Анри был удивлен и смотрел на меня с легким недоверием.
– Вы шутите?
– Нет, конечно.
– Значит, вы не в себе, Катрин. Процесс? За всю историю Франции не было случая, чтобы дочь принца заявляла во всеуслышание о том, что ее пытались изнасиловать. Это опозорит вас.
– Меня? – возмутилась я. – Я полагала, это должно опозорить герцога!
– Он мужчина. Ему все сойдет с рук.
– Вот уж не думала, что и вы будете отговаривать меня!
– А, так вас отговаривали еще и ваши родственники! Что ж, тогда вообще говорить не о чем. Мне жаль разочаровывать вас, Катрин, но вы не понимаете, какую глупость намереваетесь совершить.
– Я только хотела бы добиться справедливости, вот и все.
– Во Французском королевстве? Но, милая моя, это невозможно. Против вас пойдут ваши же родители, парламент, прокуроры, все дворянство шпаги и мантии…
– А королева? Я буду ее фрейлиной. Она поможет мне.
– Королева играет в карты и изменяет королю, – презрительно отвечал Анри, – вот все, на что она способна.
– Но ведь она тоже женщина, сударь. Она поймет меня.
– Боже мой, Катрин! Вы всегда казались мне здравомыслящей особой… Даже Мария Антуанетта не станет портить отношений с дворянством шпаги. Признать вину герцога – значит признать вину всего сословия.
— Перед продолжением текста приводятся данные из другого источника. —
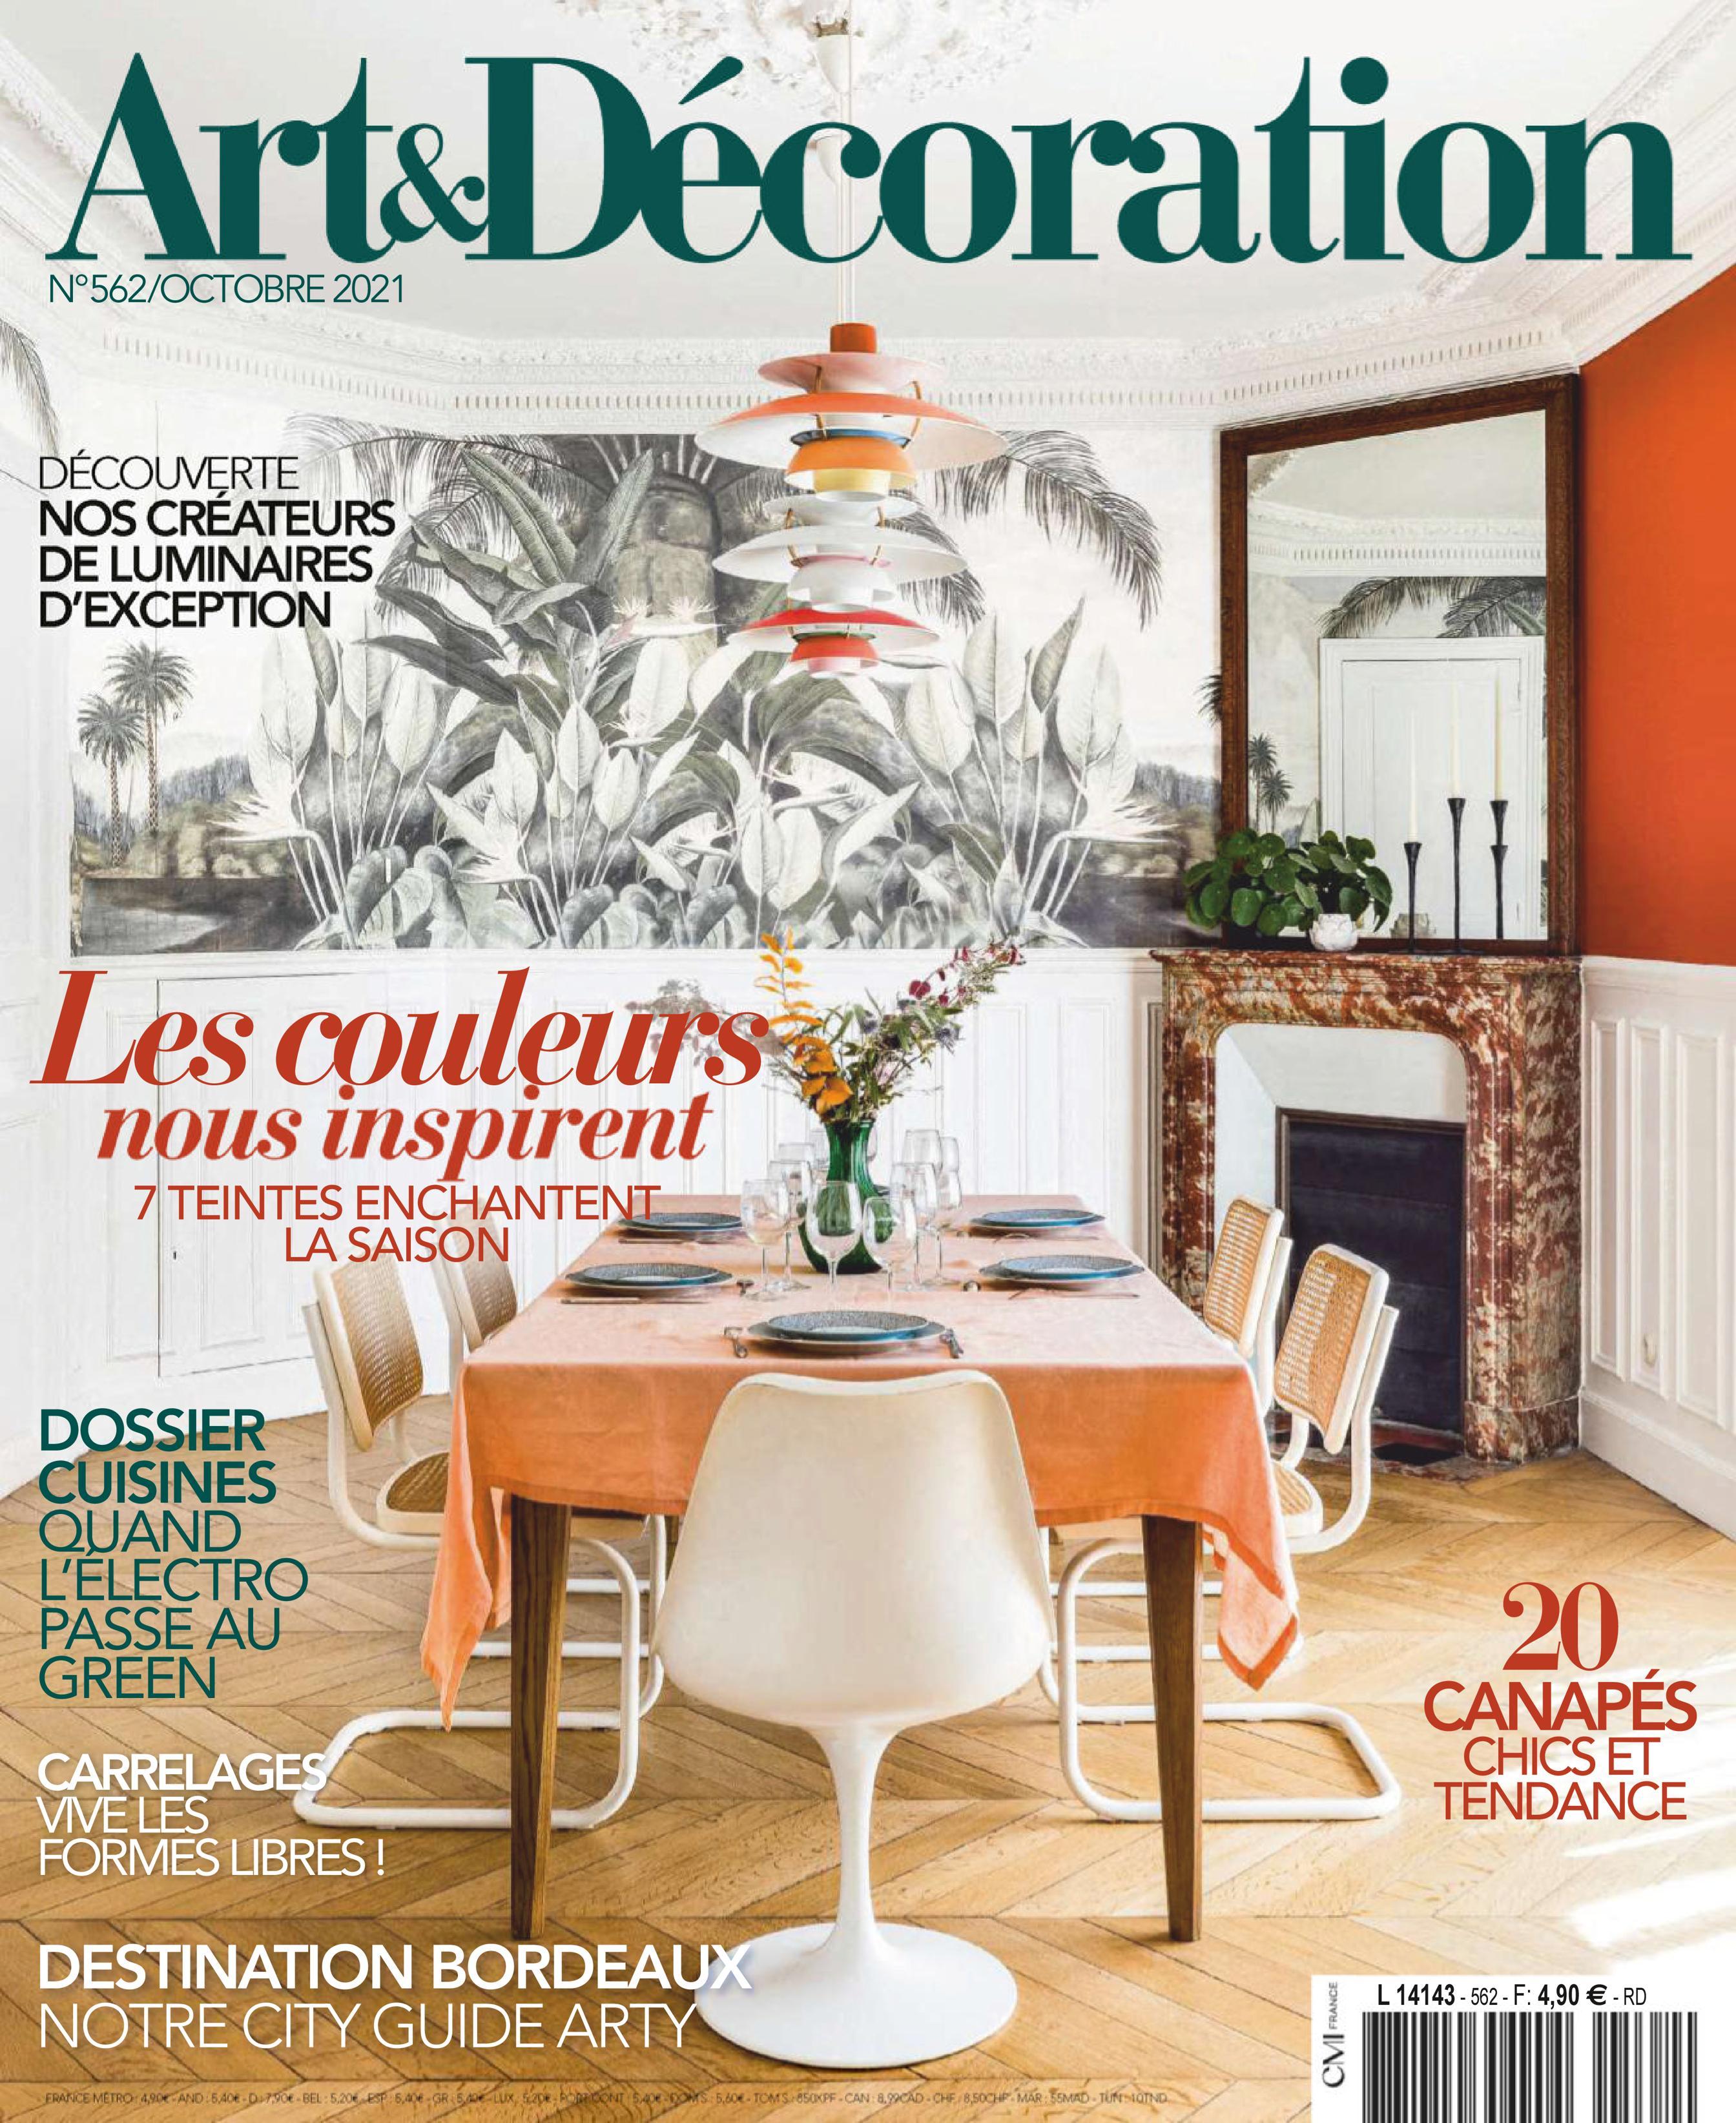 Art & Décoration - octobre 2021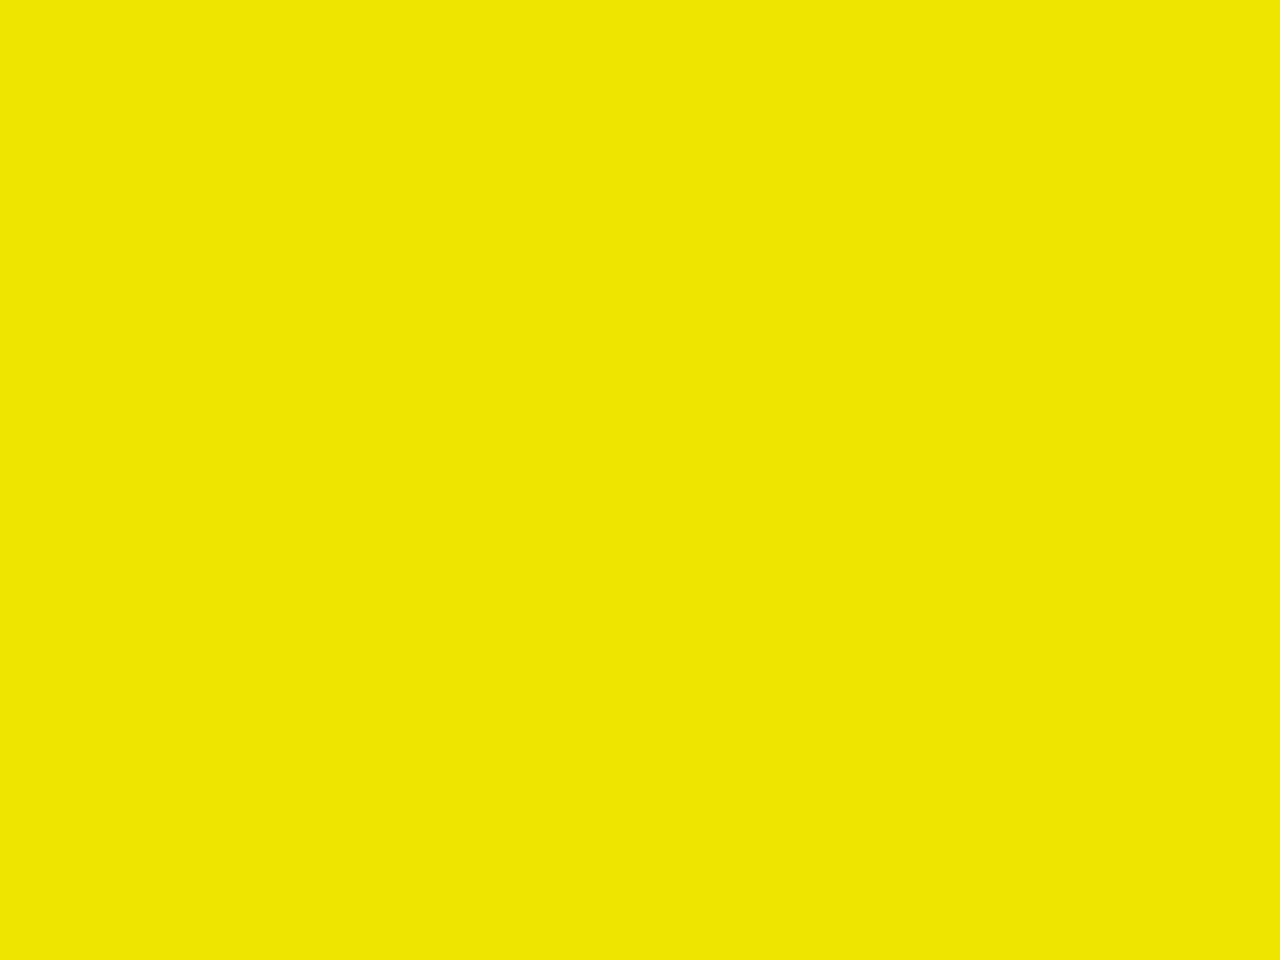 1280x960 Titanium Yellow Solid Color Background

– Это вы так думаете. Я считаю иначе.
– Вы ошибаетесь, и причем очень глубоко. Кроме того, я хочу предупредить вас насчет Марии Антуанетты… Не боготворите и не идеализируйте ее. Королева очень не любит тех, кто отвлекает ее от развлечений. Однажды за это я угодил в Бастилию. Мария Антуанетта сама написала письмо об аресте.
– Вы угодили в Бастилию?
– Да! Мне было тогда восемнадцать, я служил в гвардии. Правда, нужно признать, королева оказалась милостивой: я пробыл в Бастилии всего три месяца.
– Я уверена, что это было лишь недоразумение. Королева заблуждалась, она поступила так не со зла…
– А заключение графа де Мирабо в крепость Жу тоже было заблуждением?
– Анри, королева тут вообще ни при чем… Вам же известно, что злым гением графа де Мирабо всегда был его собственный отец.
– Клянусь честью, я не знаю, что представляет собой ваша уверенность в королеве, Катрин. Скорее всего это ошибка. Но ее, к сожалению, разделяют многие французы.
– Только не вы, правда? – спросила я улыбаясь.
– Только не я.
Мне наскучил этот разговор. В сущности, мы говорили о том, чего и быть не может. Я пообещала отцу, что не открою рта. За это мне найдут другого жениха. Простая удобная сделка…
– Этим вы и привлекаете меня, – прошептала я, неожиданно прикасаясь губами к его руке, обхватившей мое плечо, – тем, что вы не такой, как все.
– Катрин…
– Да! – шепнула я, поднимая голову. – Вы замечательная…
Порывисто, резко его руки скользнули у меня под локтями, крепко, до боли сжали мою талию, а его лицо вдруг оказалось так близко к моему, что у меня перехватило дыхание. Анри был так властен, так настойчив, что мне сначала и в голову не пришло сопротивляться. Его глаза приближались, становясь все больше, и я уже ничего не различала. Горячие губы припали к моим губам, осыпали быстрыми, какими-то крадеными поцелуями лицо и жадно припали к вырезу корсажа, там, где начинается ложбинка между грудями. Кружева щекотали мне шею, поцелуй и пугал, и манил, а я сама задыхалась от страха и любопытства одновременно, чувствуя, как Анри склоняет меня к чему-то страшноватому и неведомому.
Во мне протестовала стыдливость, а невинность и испуг сковывали движения, делали почти нечувствительной к ласкам. Я была еще совершенно чиста и девственна, и мне трудно было преодолеть страх перед первой близостью. А его руки были так настойчивы и дерзки, что я цепенела.
– Боже мой, разве это обязательно? – пролепетала я, вся дрожа. Он склонил меня на деревянный стол – первое, что подвернулось. – Мы ведь еще увидимся с вами…
– Когда?
Он ласкал меня, странным шепотом успокаивал и убаюкивал мою настороженность, и я сдалась, не найдя в себе сил сопротивляться до последнего. Он хочет этого? Что ж, пусть лучше он будет моим первым. Все равно рано или поздно это случится. По крайней мере, Анри я люблю. И не об этом ли я думала несколько часов назад?